Your observation between "push" and "polling" is interesting and sounds 
nice, althrough not much accurate. Forums also push messages, only users 
do not OWN anything on Forums. There are no private places in the cloud 
and services for individual, nor right to freely comunicate without 
restrictions. (like, someone deleting your account and all your messages 
on forum, even if you followed all good mannered rules)
> manage large amounts of it prefer the push model; people who are less
> familiar with it, and think in terms of online "communities," tend to
> prefer forums.  I like email lists, and find visiting multiple websites to
> poll forums cumbersome, but this seems to be a really unfamiliar and
> uncomfortable model for anyone under 30 --  much like how many people my
> age are not familiar with newsgroups and have no idea how to use them.
Newsgroups are what Forums are made to emulate, although very badly and 
with no purpose other then local one-man controlled exchange of 
comments. Main difference in my opinion is that Newsgroups are 
decentralized and standardized at protocol level, much like E-mail, and 
Forums are just.. wild, crazy and mostly useless.
Using Newsgroups needs just ordinary mail client with Newsgroup support 
and "subscribing" to groups.
Difference is that you don't need to make filters to use it like for 
mailing lists and that people using one server exchange messages with 
people using other servers.

On forums companies and sites own content. Or at least do with them what 
they like including deleting it.
On newsgroups and mailing lists, content tends to be multiplied, copied, 
archived and preserved for future use of wisdom (if any :) )
>
> I will say that as long as forums stick around (a major caveat) they seem
> to be more searchable; search engines seem well-tuned to access them,
> compared to email archives; email list archives also often have broken
> threading and are increasingly being made private due to spam concerns.
My mailing list archives in my Mail client are most searchable of all 
ways of exchanging messages. (both when I am online and offline!)
I just download mailing list archives, concatenate them all to one large 
file and give it to mail client under folder, to chew it. I always get 
beautifully threaded messages and topics. (Except when someone was 
top-posting).
That is exactly much better then, in contrast to, Forums where one is 
forced to click through eternity over flat messages displaying one under 
another with no information who answers to who.
Besides, searching mailing list archives is very easy, just narrow web 
search engine to specific path where message archives are stored.

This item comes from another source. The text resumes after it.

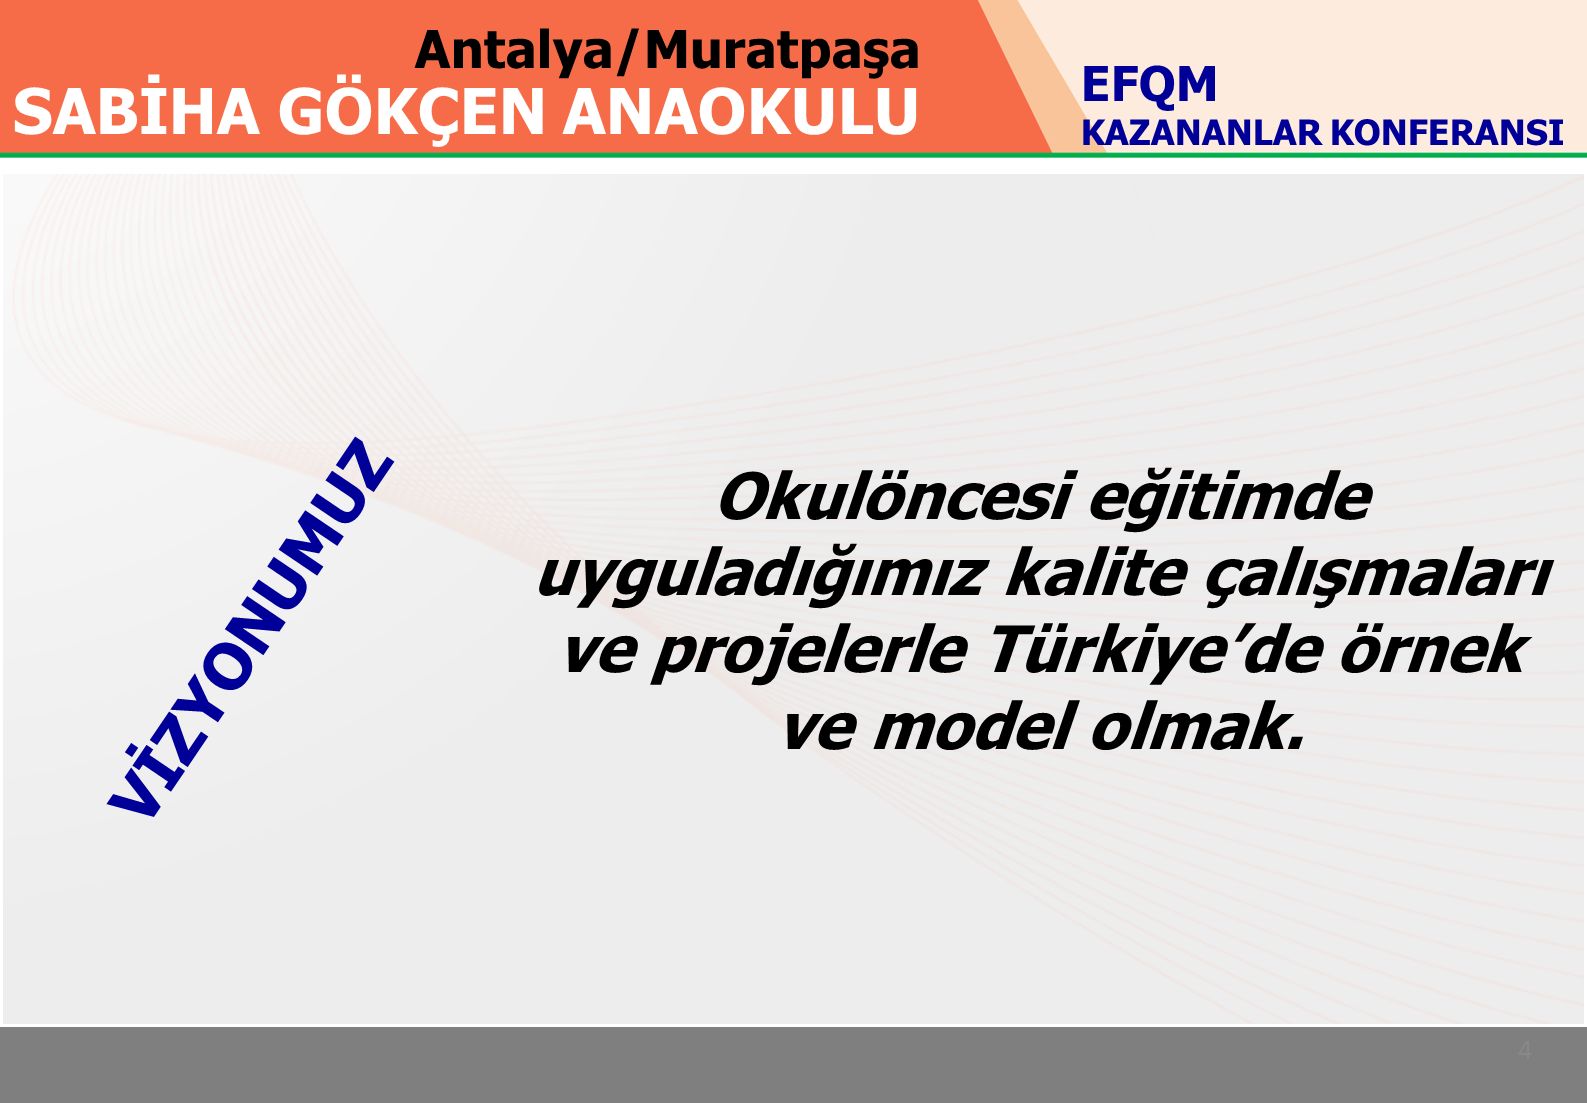 Antalya/Muratpaşa SABİHA GÖKÇEN ANAOKULU 4 Okulöncesi eğitimde uyguladığımız kalite çalışmaları ve projelerle Türkiye’de örnek ve model olmak.

I like it much better then needing to browse through some simulation of 
newsgroups and mailing lists on web sites, that forums are.
If Web representation of Newsgroups and mailing lists is distributed and 
follow same exchange principles, then that kind of Web representation, 
called Forum could be nice.
That would be actually making Mail/News client in form of Web 
presentation, that Gmail, Yahoo and others truly are. (And that blurred 
server/client nature of internet to younger generations).